Nuevo golpe a la carrera diplomática
En días recientes, los medios de comunicación informaron del interés de la Cancillería en presentar una nueva reforma a la Ley de Carrera Diplomática y Consular, que con la celeridad de la luz, ya logró aprobarse en primer debate por parte de nuestra Asamblea. Tal medida se refiere al hecho, que hace relación con la situación de todo funcionario que se le confiare un cargo en la Cancillería, diferente al que ocupa normalmente en el escalafón de Carrera Diplomática y Consular. Hasta el momento, los funcionarios que estén en dicha situación deben acogerse a una licencia que le permite pasar de la condición de "servicio activo" al estatus de "servicio pasivo", pues transitoriamente se separan del cargo de carrera, que previamente ocupaban, cualquiera este sea. Lo anterior significa que la renuncia temporal a su cualidad de permanecer en servicio activo se traduce materialmente en una disponibilidad sin sueldo, de la posición de funcionario de carrera, que previamente ocupaba. Agotado dicho paso, el funcionario estará en circunstancia legal de cobrar los emolumentos del nuevo cargo.
La propuesta de la Cancillería de modificar el artículo 48 de la Ley 28 de Carrera Diplomática y Consular, que a la sazón establece que "cuando los funcionarios diplomáticos presten sus servicios en la Cancillería se les confiarán cargos que correspondan a sus categorías, manteniendo el rango adquirido en el escalafón de la Carrera Diplomática y Consular"; lo que realmente pretende es premiar por partida doble a aquellos funcionarios que teniendo una jerarquía inferior en el escalafón de la carrera respecto a sus colegas (que por su rango de ministros consejeros, les correspondía ser considerados, pero que fueron olímpicamente ignorados); en su momento, fueron beneficiados políticamente por el gobierno de turno con jugosos salarios por los "servicios prestados" en altas posiciones.

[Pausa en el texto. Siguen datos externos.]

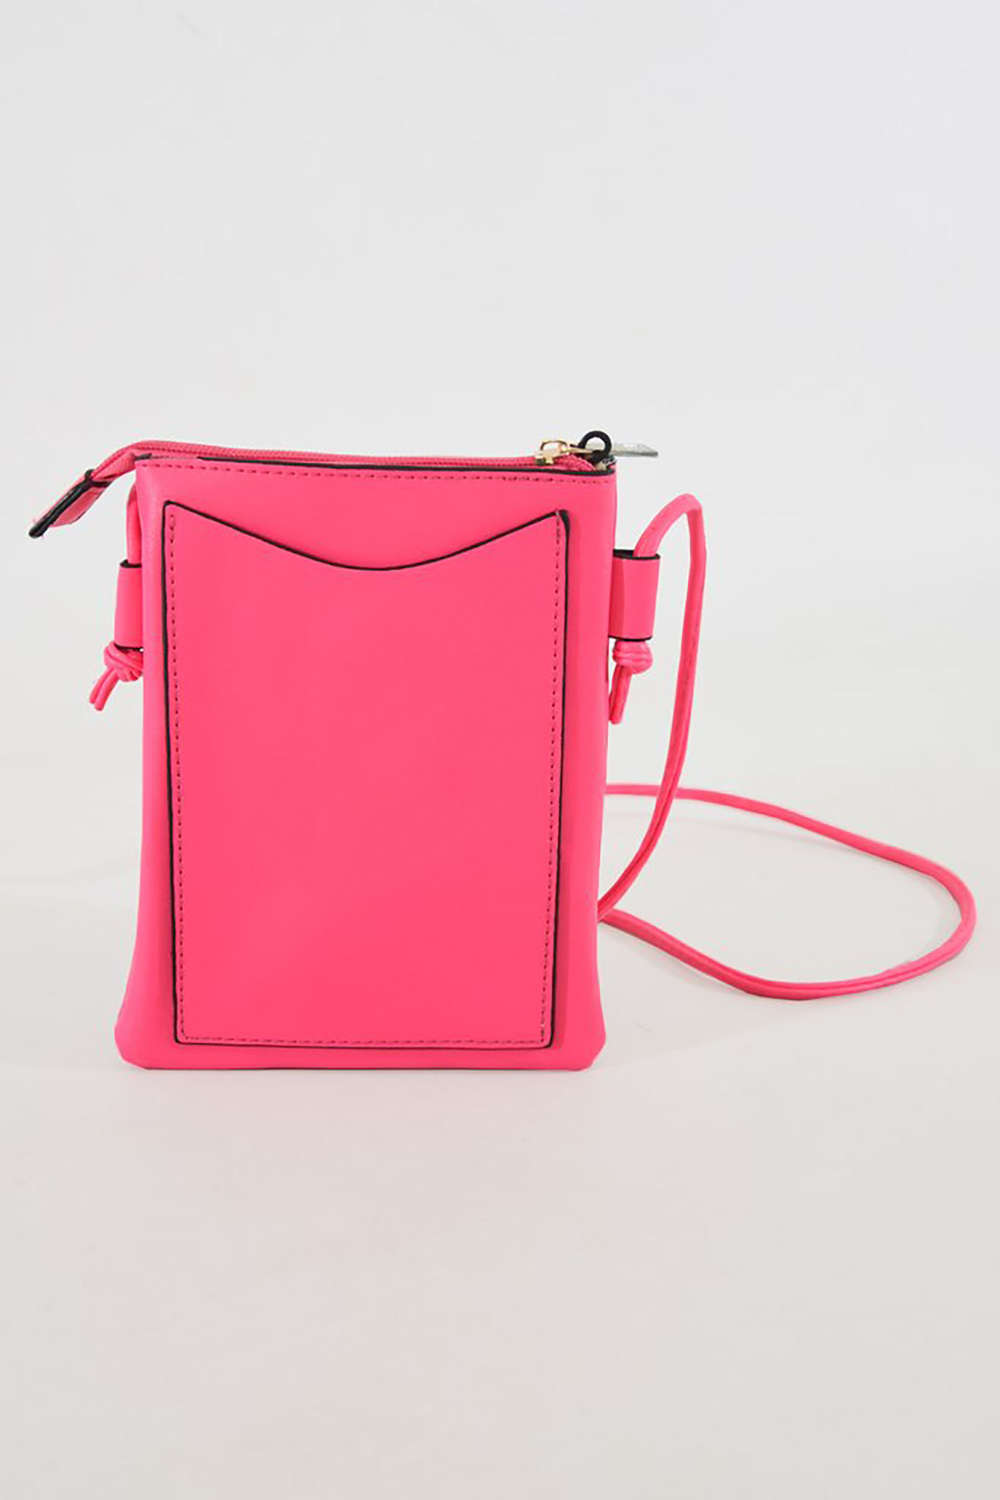 Neon pink crossbody phone purse

En otros términos, el objetivo final de la reforma no es más que seguir erosionando los cimientos fundacionales del Ministerio de Relaciones Exteriores, al no ponderar el escalafón de carrera diplomática y más bien sobrevalorar una insignificante minoría de ungidos, que no satisfechos con la canonjía obtenida, ahora reclaman un premio mayor al exigir que se adicione al artículo supracitado, la contabilidad de los años de servicio que usufructuaron en posiciones de libre nombramiento y remoción, para los "efectos del reconocimiento de sus ejecutorias y experiencias para la evaluación de sus méritos y antigüedad con vistas a su ascenso de categoría y derecho a rotación" (sic).
No termino sin antes advertir que parece inverosímil que nuestra Asamblea, por obviar la consulta con la Escuela de Relaciones Internacionales, no se percate de que se está prestando para el juego abyecto de la Cancillería, de legalizar ascensos de diplomáticos de carrera, que en uso de licencia, eventualmente ocupaban puestos políticos, cuando tales funcionarios de acuerdo a la ley y sus reglamentos, solo pueden ser ascendidos una vez vuelvan al cargo o rango obtenido por concurso y lo que es peor, que aprueben una reforma que no beneficiará a más personas que las que se cuentan con los dedos de una mano, en detrimento de una ley, que como es del dominio público, está llamada a satisfacer las necesidades de la sociedad en general.
Prof. Titular de Relaciones Internacionales de la Universidad de Panamá.